Mate sampling experiment

This experiment was designed to test whether female crickets actively reject some callers in favor of others and if so, to distinguish between the mate sampling strategies in use. The experimental design had to ensure that the female crickets be presented with the best chance of rejecting a male i.e. scenarios where the females were most likely to approach a male with a suboptimal trait value while simultaneously perceiving the presence of another male. Pairs of male P. guttiventris calling males were located in the field such that the distance between them was less than a meter to ensure female’s perception of both males simultaneously (Mhatre and Balakrishnan 2006). After measuring calling song SPL at source, a pair was selected for the experimental trial only if one of the callers called at an SPL less than the mean SPL (77.2 dB) of the population except in 4 trials (where both were higher). If multiple pairs of callers were located within a night, the pair with the least distance between the two callers or maximum relative SPL difference at source was selected for experimentation. The relative SPL of male calling song at the female release position was calculated using the known attenuation profile of P. guttiventris calling song in the habitat (Mhatre and Balakrishnan 2006). Two CCTV cameras were deployed to monitor the calling activity of males throughout the duration of the experiment, which were connected to a laptop via a DVR system placed at a distance of more than 7 m from the callers. The experiment was initiated 5-10 minutes after setting up the CCTV cameras to ensure minimal disruption in calling activity.

Virgin females, aged 10 to 13 days after the final molt (see Supplementary Material for details), were released approximately 40 cm from the caller with the lower calling song SPL at source (1^st male) such that the release point was collinear with the two callers and the 1^st male was louder at the female position than the 2^nd male (louder at source). Once released, the female was followed using either an IR-sensitive video-camera or by eye under red light from a distance to ensure minimal disruption of its movement. Female approach to a calling male was confirmed by two observers, one directly observing the females and the other observing CCTV transmission of male activity on the laptop. Female mating was confirmed either by female mounting behaviour followed by male-female coupling and subsequent transfer of the male spermatophore, when the mating behaviour took place outside the cracks in the ground from which the males were found calling, or by relocating the female with a spermatophore attached when matings took place inside the cracks.
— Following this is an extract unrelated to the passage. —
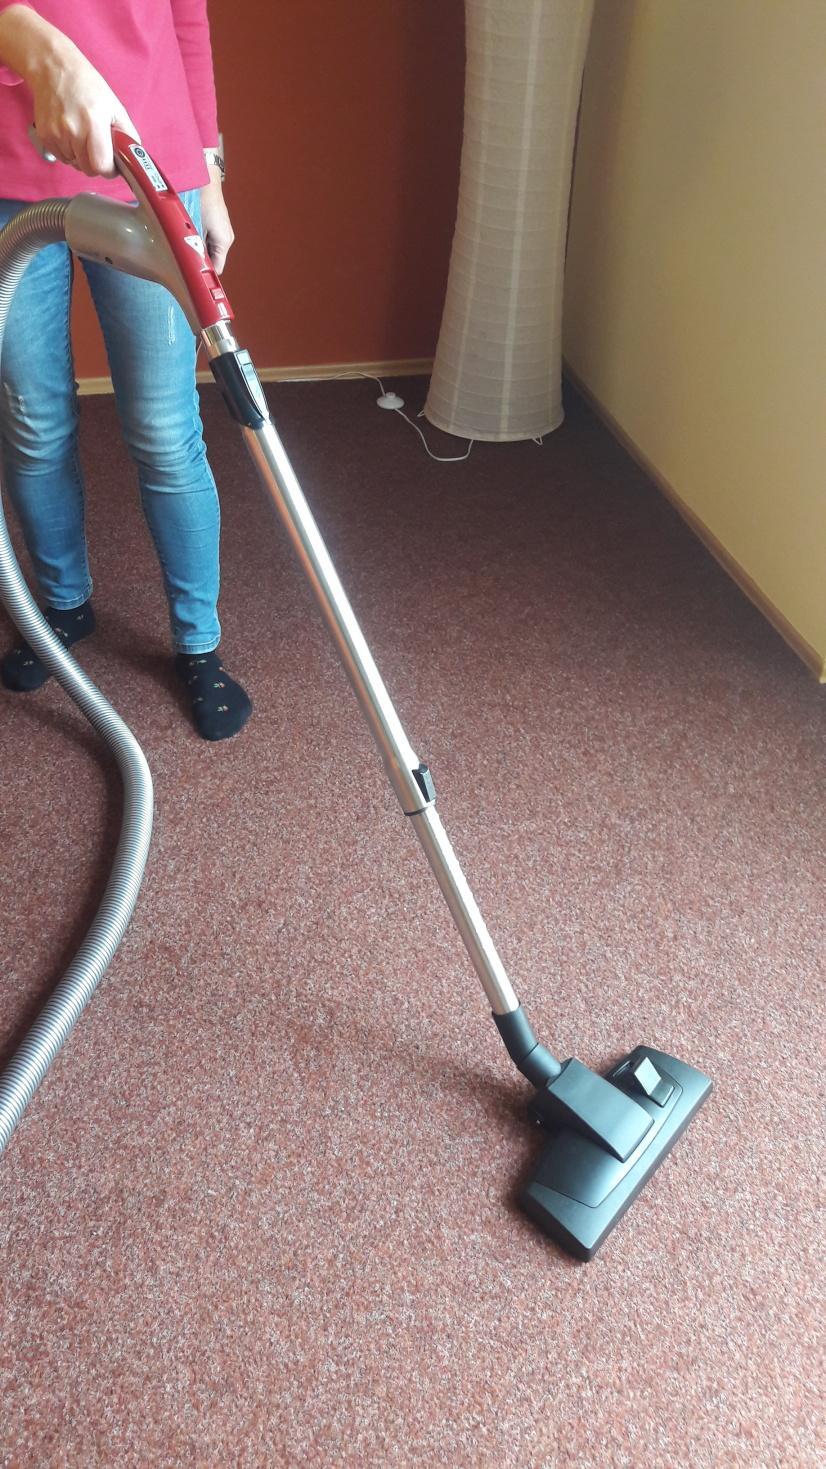 podlahova-hubica-na-koberec

The experimental observation was continued until the unmated male stopped calling or the mated female walked away from the calling males. In trials where there was no mating after phonotaxis, observations were continued until the males stopped calling or the female walked away from the chorus.

Remating experiment

Laboratory experiments were conducted on Plebeiogryllus guttiventris females to investigate the probability of remating and the time taken since the first mating to do phonotaxis and remate. In the first set, single-speaker playback and mating trials were conducted on the same females for at least five consecutive nights after the first mating. In an independent second set, females were tested in the same experimental paradigm with a latency of a week from the first mating for two weeks. Laboratory bred females between the age of 11-17 days since the final moult were used for these experiments. All experimental trials were conducted inside an anechoic chamber. Phonotactic and mating behaviors were recorded using an IR sensitive video camera (Sony, DCR TRV 17-E, Sony Corporation, Japan) under external infrared lights.
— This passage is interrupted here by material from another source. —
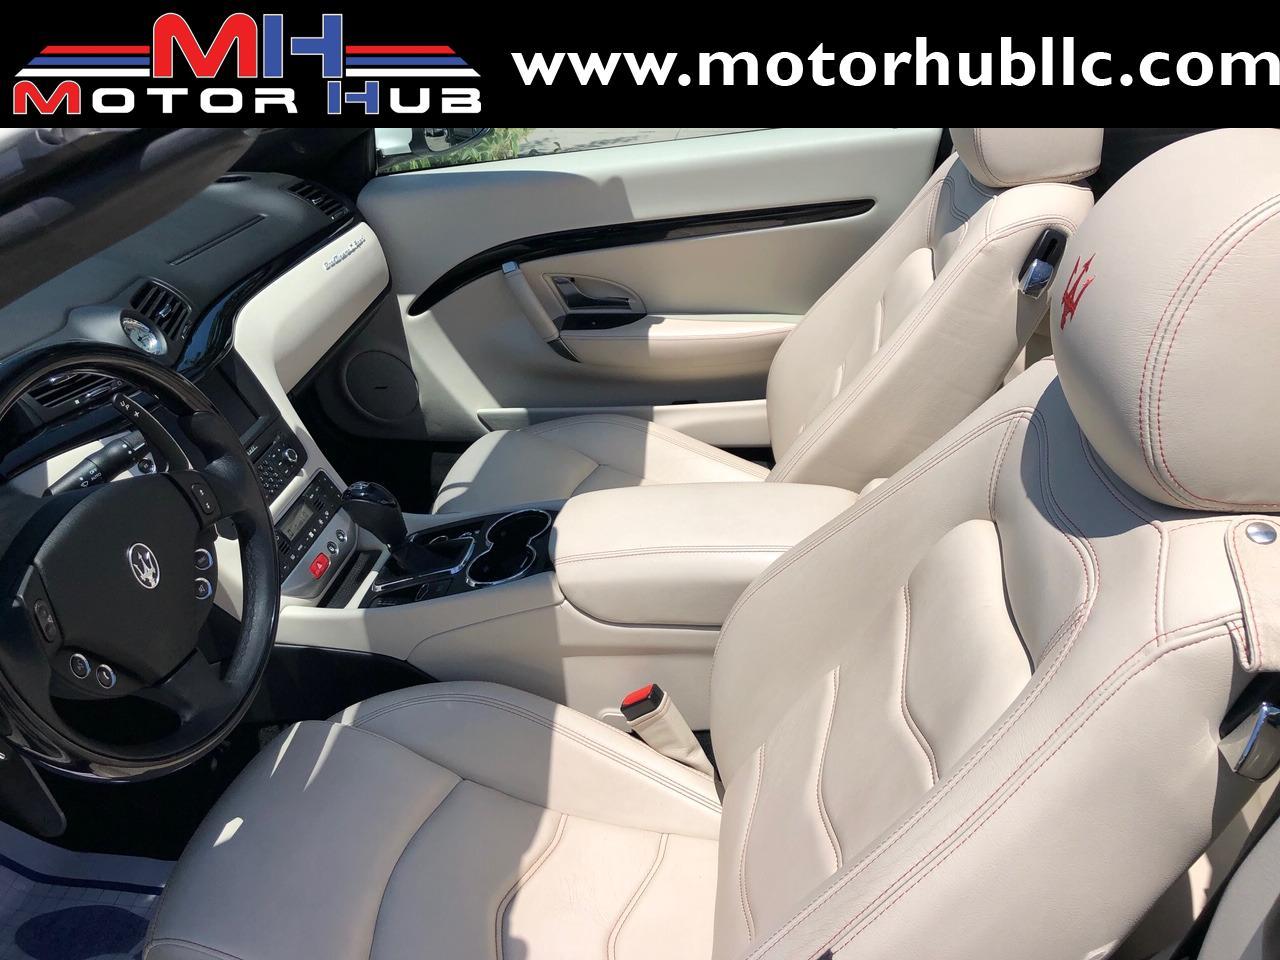 Used-2012-Maserati-GranTurismo-Sport

A female was released 50 cm from a speaker that played out a typical P. guttiventris call with mean song parameter values appropriate for that temperature (25° C). The SPL at the female release position was ensured to be at 61 dB (typical SPL value at 50 cm from the source in the field) using a Brüel & Kjær Sound Level Meter, Type 2250 with a ½” microphone, Type 4189. Females were presented with a conspecific male after showing a phonotaxis response, defined as reaching within 5 cm from the speaker or within 10 minutes from the initiation of the trial when phonotaxis response was absent. The mating trials were conducted in a sponge cube of 35.5 cm x 35.5 cm x 30 cm with a cylindrical hole of diameter 15 cm and depth 15 cm in the center. A mating trial was scored as negative only if the male courted and the female did not mount the male after 10 minutes from the start of the mating trial. A female was exposed to a new male for the subsequent trials. Identical experimental methodology was followed for the two different sets.

Ethical Note

All the SPL measurements, spatial data collection and animal handling for the behavioral experiments were as per the national guidelines for the ethical treatment of animals.

Mate sampling simulations

The choruses sampled in the field varied in the number of callers (4-13) and nearest neighbour distances between callers (Fig. S2). The effect sizes for the probability of mating was significantly greater than zero for all the comparisons across the different simulation sets and therefore implies that the females using ‘passive attraction’ were the most likely to mate (Fig. 1). Despite low magnitude of effect sizes, the percentage change was considerable even for comparisons with the fixed-threshold strategy (ranging from 15.6 % to 37.9 %) which yielded the least difference (Fig. 1 and Fig. S3). The relative performance of different sampling strategies did not change across the different treatments of time window for sampling and sampling area within the ‘Fast’ and ‘Slow’ female sets (Fig. S3).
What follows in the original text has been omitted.